While the show is very sex-centered from the female gaze, it’s also about being confronted. with the age-old can-we-have-it-all question. “What this show is trying to say is that it’s ok to enjoy and express all sides of yourself,” explains show create Stacey Rukeyser. “We can be wives and mothers and also ravenous sex goddesses. It’s as if we’re supposed to enjoy sex when we’re young and then we’re supposed to leave that part of ourselves behind. It doesn’t make you a bad mom to say you adore your children and also miss that sexual, free part of yourself.”
We talked with author BB Easton about the adaptation, her favorite episode, and balancing desires and identity as a woman.
How close do you think Sex/Life reflects 44 Chapters about 4 Men?
What happens when a woman who has lost herself to the monotony of marriage and motherhood writes a steamy secret diary reminiscing about all the wild times she had with her bad-boy exes, in graphic detail, and then discovers that her vanilla husband has been reading it?
That’s the central premise that both 44 Chapters About 4 Men and Sex/Life revolve around, but they deliver that story in two very different, very fun ways. 44 Chapters About 4 Men is told as a comedic memoir, brimming with self-deprecating humor, ’90s nostalgia, and wild autobiographical sex scenes. Sex/Life, on the other hand, took that story and reimagined it as a TV drama, so it’s bigger, bolder, more intense, more scandalous, and hotter than anything you’ve ever seen on TV.
One will make you laugh so hard you wake up the entire house, and one will make you gasp so loud you wake up the entire house, but at the end of the day, they’re both focused on a woman’s refusal to accept less than everything she’s ever wanted.

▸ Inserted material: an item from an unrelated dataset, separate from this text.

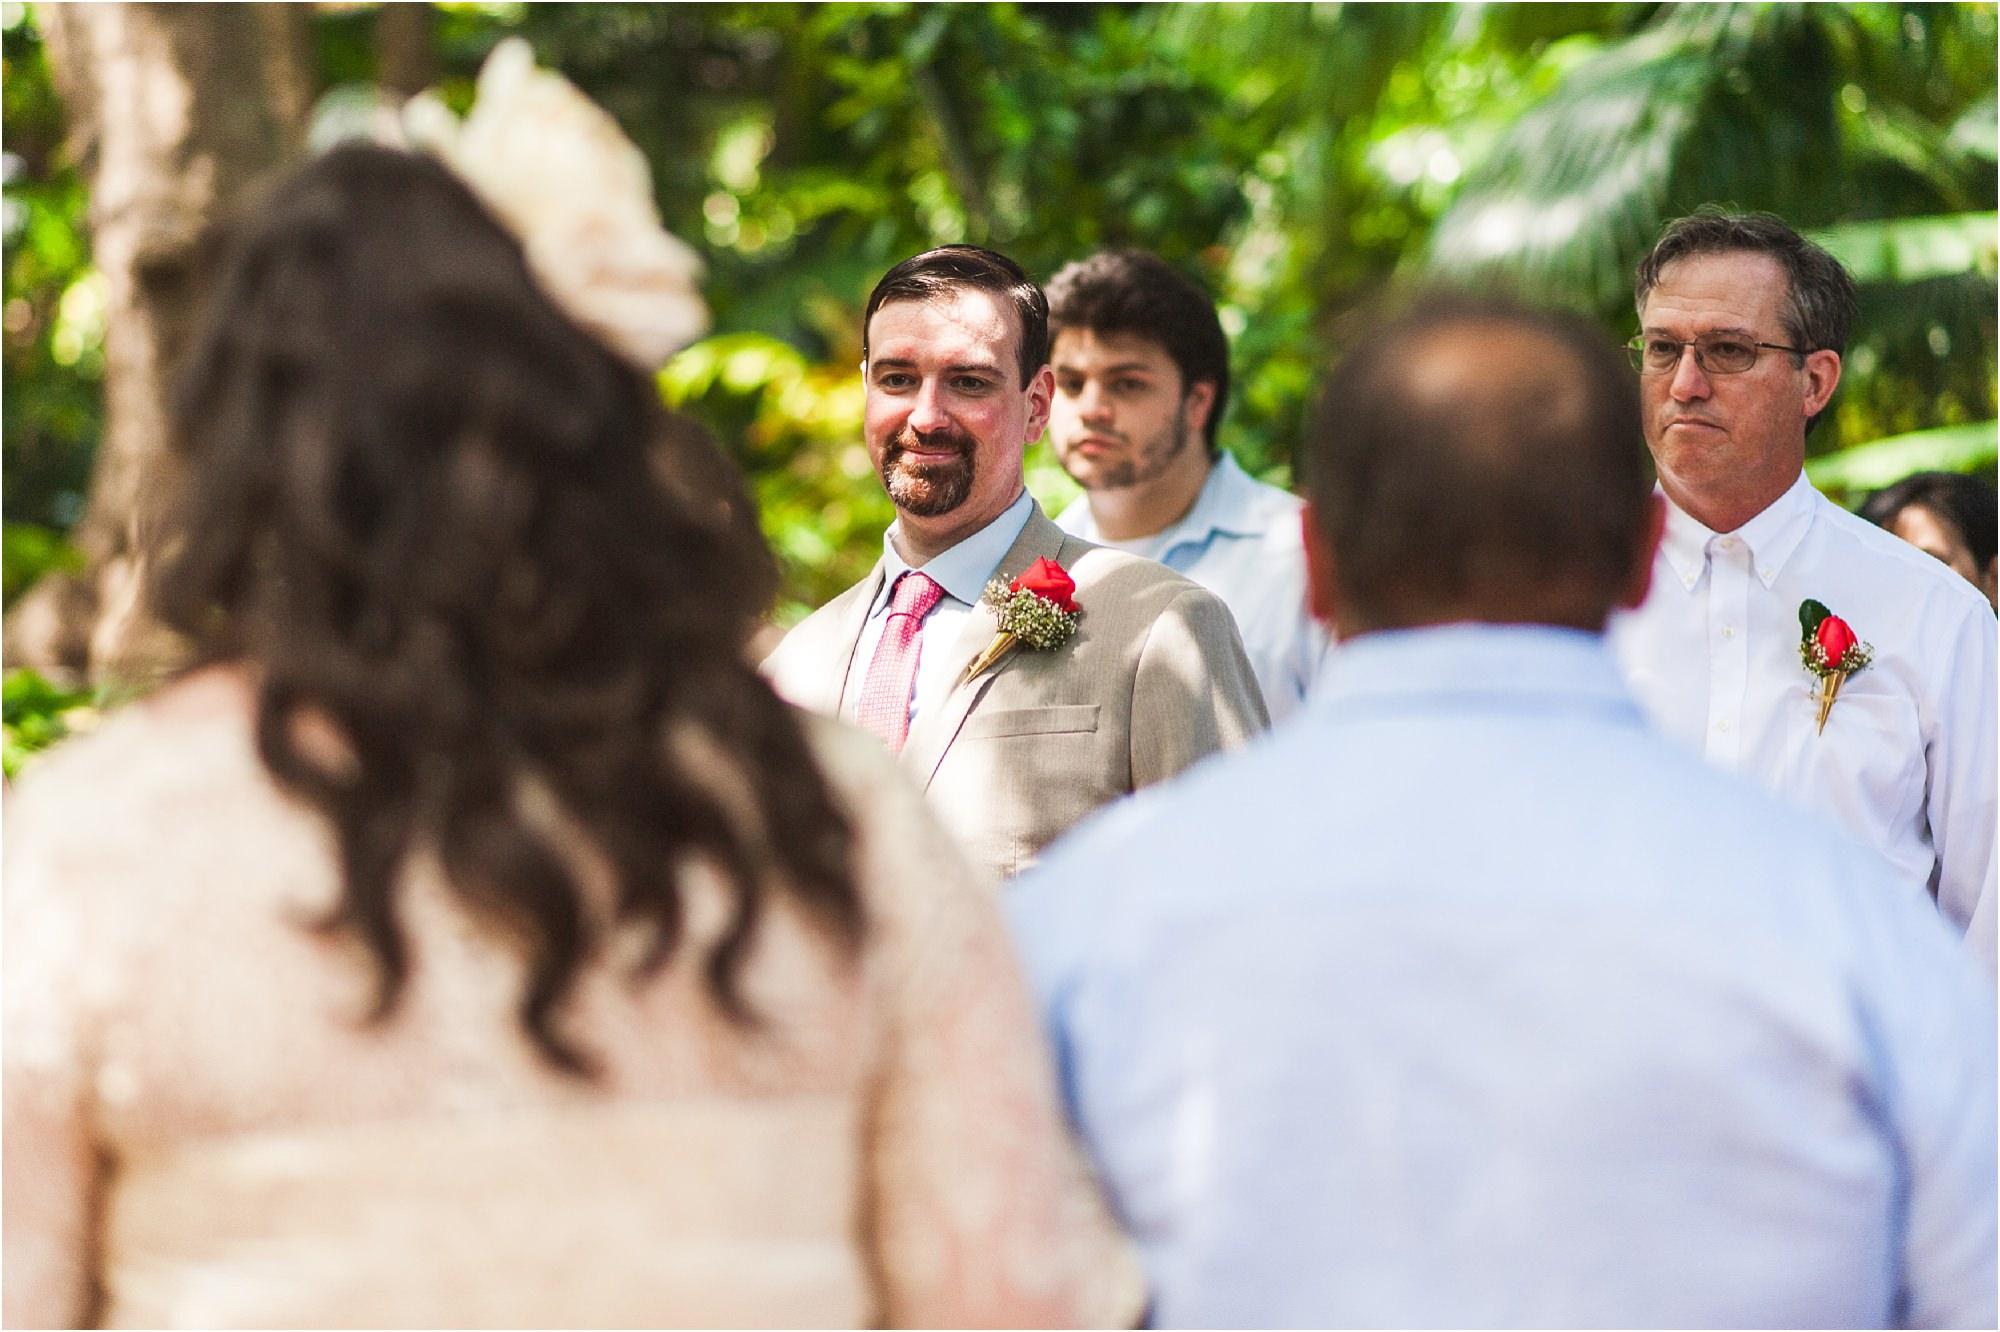 outdoor-rustic-pincrest-gardens-wedding-miami-photographer-jessenia-gonzalez_1030.jpg
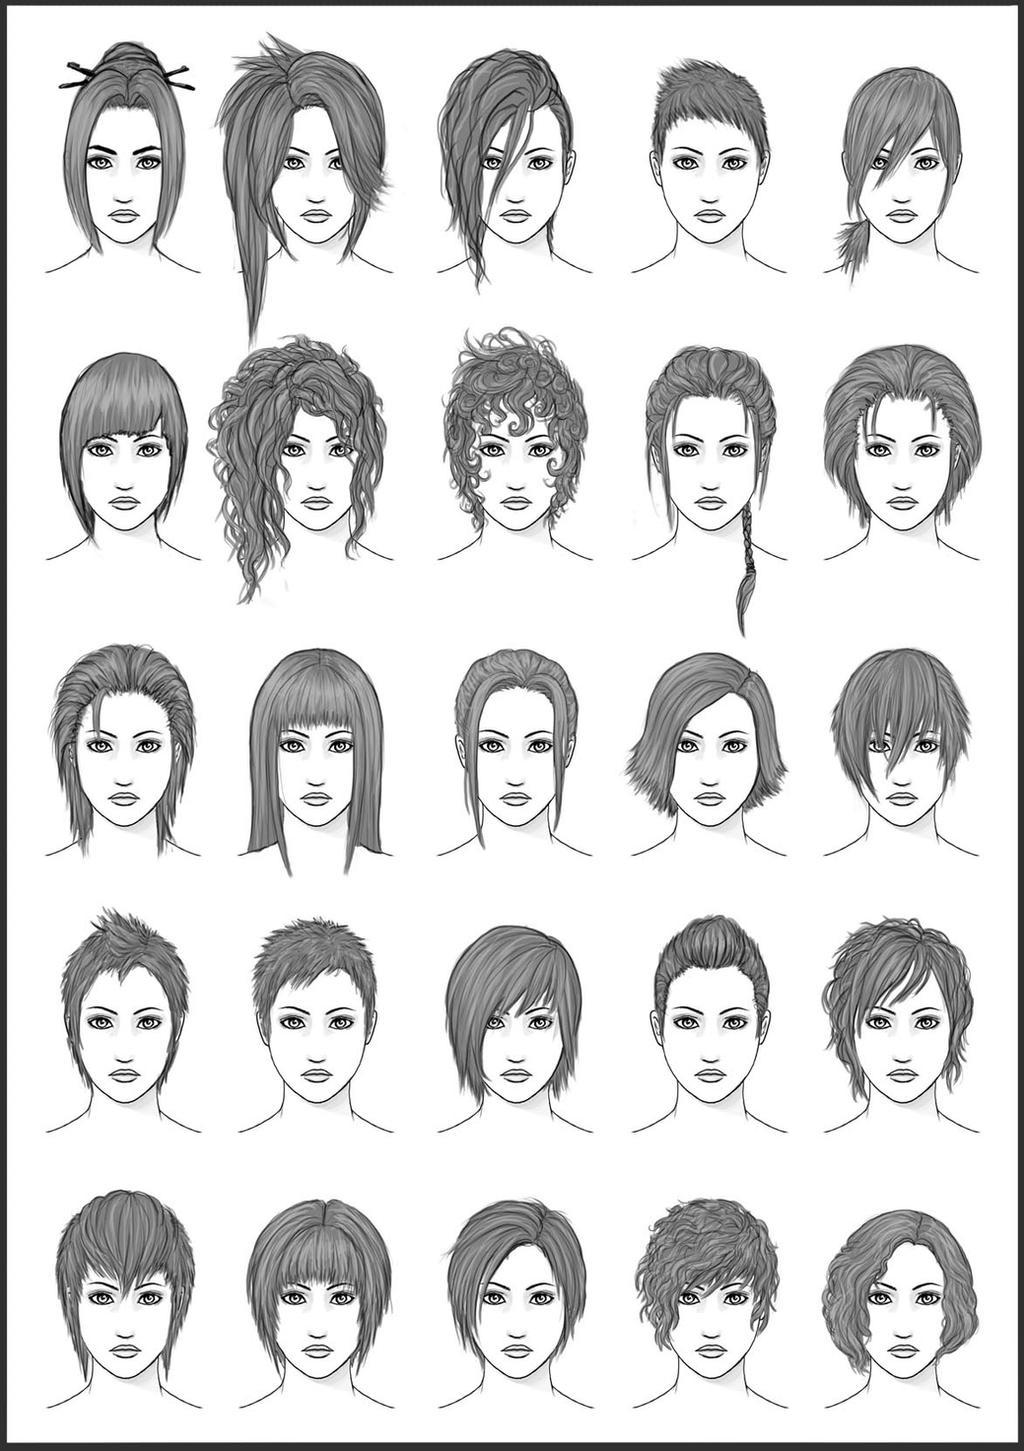 Terms for female facial hair

How involved with the adaptation were you as the author?
The team at Netflix did a great job keeping me updated on their progress and sending me scripts to read along the way, but the only part I played during the development process was that of Unofficial Team Cheerleader. I nailed it, by the way.
Do you have a favorite episode or scene from the first season?
I love them all, truly, but I think I could watch the first episode a million times and never get enough. That episode has a ton of direct quotes from 44 Chapters About 4 Men, and watching the insanely talented, beautiful, magical Sarah Shahi speak my words and act out my struggles will forever be one of the highlights of my life.
With all this self-exploration, what is your best advice for balancing your desires and identity as a woman, mother, and wife?
Just saying what you want out loud is a whole lot easier and more effective than writing a secret journal about your bad-boy exes and leaving it out in the hopes that your super vanilla husband will read it and glean some kind of sexual/emotional wisdom. Trust me.